A cannabis company’s failure to comply with labor and employment laws or failure to have well-documented internal records and policies creates the risk that an employee or former employee may file suit against the company. This risk is further heightened because, in many states, employees (and former employees) who prevail in a lawsuit against an employer are entitled to increased monetary damages as compared with other civil actions, and a successful outcome will also oftentimes result in the company being required to pay the employee’s substantial attorney’s fees.
Intellectual Property Risk:
This category examines how well the target has protected its valuable intellectual property from infringement or unauthorized use. Brand identity and recognition are crucial to success in the hyper-competitive marijuana marketplace. In addition, unique formulations, processes, and other valuable trade secrets give businesses a competitive advantage that often contributes to making them an attractive target to potential investors and acquirers.
Unfortunately, with success, businesses often see copycat and other infringement strategies used by other businesses and competitors. Cannabis businesses must object to the infringing conduct of third parties or risk losing their intellectual property protections through “abandonment.” Marijuana-related businesses should also enter into enforceable licensing agreements (and, where relevant, confidentiality or intellectual property assignment, or other agreements) with key business partners who are authorized to utilize the company’s intellectual property.
Investors and acquirers will review a company’s intellectual property portfolio to ensure that it is adequately protected from infringement under federal and state law, including that its trademarks are registered or protected at common law to the greatest extent possible.

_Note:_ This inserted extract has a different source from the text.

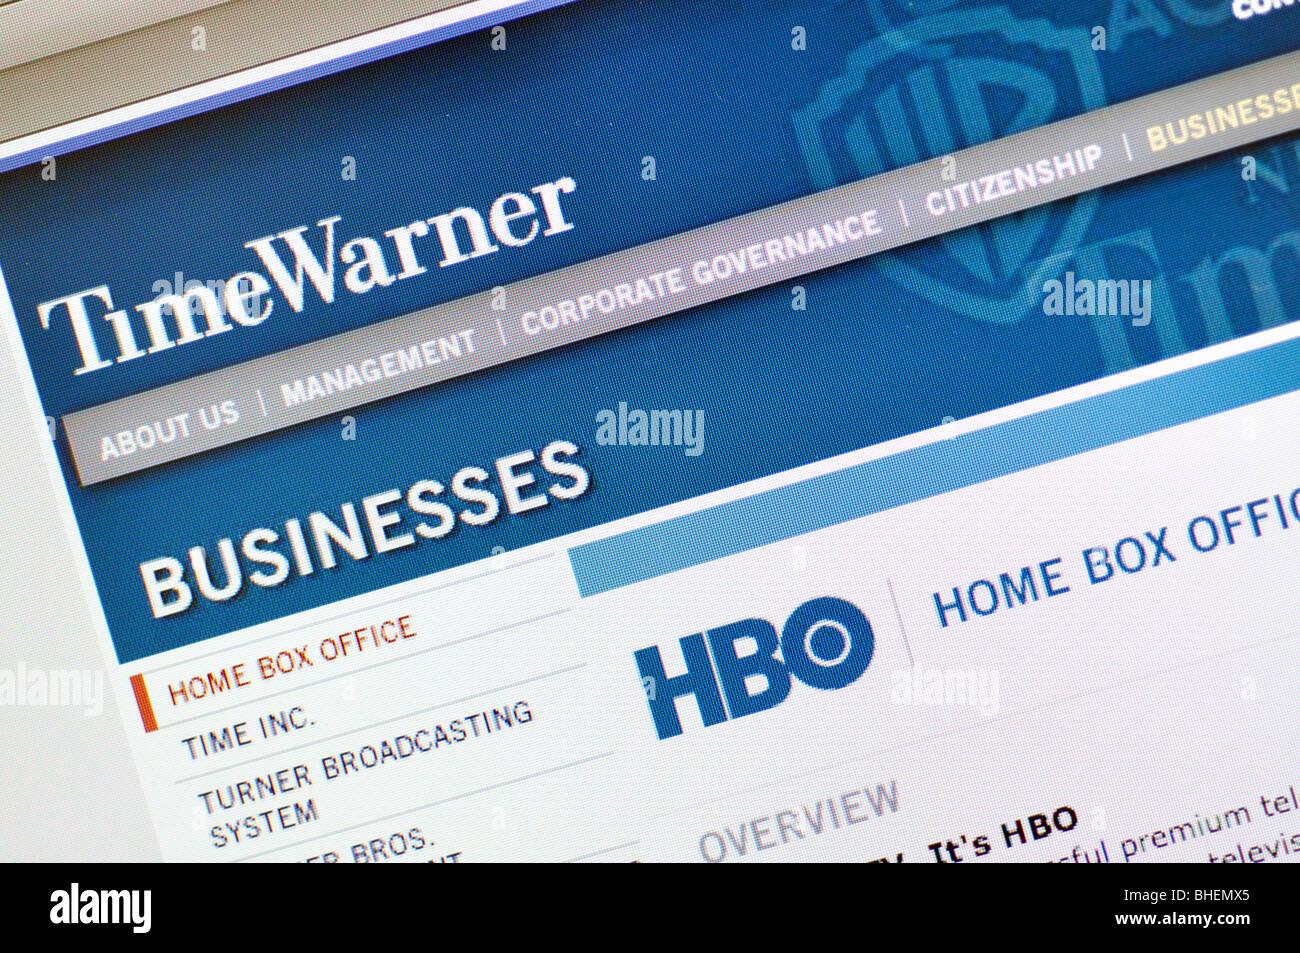 Timewarner Internet Cable Tv Provider Stock Photos & Timewarner ...

They will also review a marijuana-related business’s other agreements, such as co-packing agreements and manufacturing agreements, to assess the risk and enforceability considerations related to those agreements. Failure to adequately acquire and invoke intellectual property protections creates the risk that the business could lose its competitive advantage or, worse, could be sued for infringing on another’s intellectual property, and can significantly decrease the perceived value of a company.
The Bottom Line
While the information provided here is not an exhaustive list of considerations for investors, acquirers, and marijuana-related businesses alike, and there are certainly other categories of risk that an investor or acquirer will explore during due diligence (e.g., contract risk, tax risk, etc.), these categories of risk are the ones we find are critical to investors but are often overlooked by cannabis business owners.
Importantly, these are categories which include risks that are relatively easy for a marijuana-related business to fix on a prospective basis in order to make themselves more attractive to investors. With rescheduling around the corner, the time to start addressing these issues is now and put your business in the best position to attract high-value investments.